Recently I witnessed a thread of emails develop on the topic of defining “real business as mission.” I thought one individual who has experience as both a businessman and working for a traditional mission organization said it well:

In general, I fear much energy is being expended on the potentially divisive and distracting debate as to what is “Real Business as Mission.” Globally, we operate in a diverse, complex and confusing world with a lot of “grey zone” reality (referring to economies and business). It seems to me that part of the essential spirit of business and the entrepreneur is that they will not and cannot be herded into one pen, and that they are essentially opportunistic and pragmatic. What dignifies and crystallises our practice of BAM, whatever the exact model may look like, is our pursuit of the calling of Christ and our practice of business with integrity, integration and intentionality. The business and charity playing fields are clearly two different things, and I think we would all affirm this. Somewhere in between is the complicated world of development which itself is in a process of change.

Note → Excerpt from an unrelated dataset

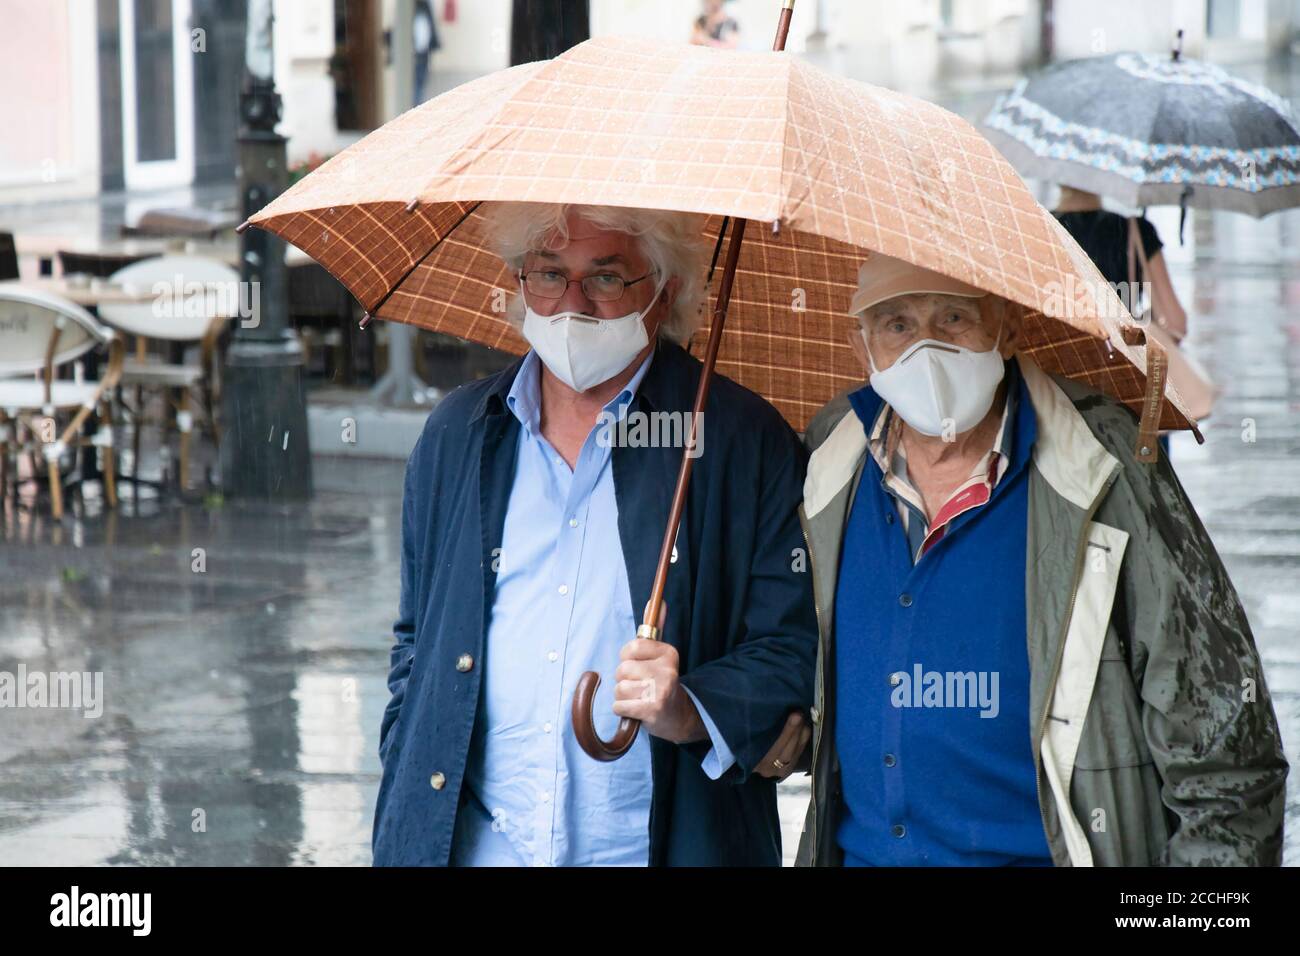 Belgrado, Serbia - 5 agosto 2020: Uomini anziani di due generazioni che indossano una maschera protettiva che camminano sotto l'ombrello in una giornata piovosa nella strada della città Foto Stock

Regardless, let’s make sure that we do our part so that walls between the various communities stay down, and we remain in a learning and communicating posture, that bridges might allow for free passage in both directions.

Mission agencies will be a tremendous catalyst to watch in the business as mission movement in 2007. I look forward to the free exchange of ideas and hope that the conversation will help maximize all of our efforts for the years to come.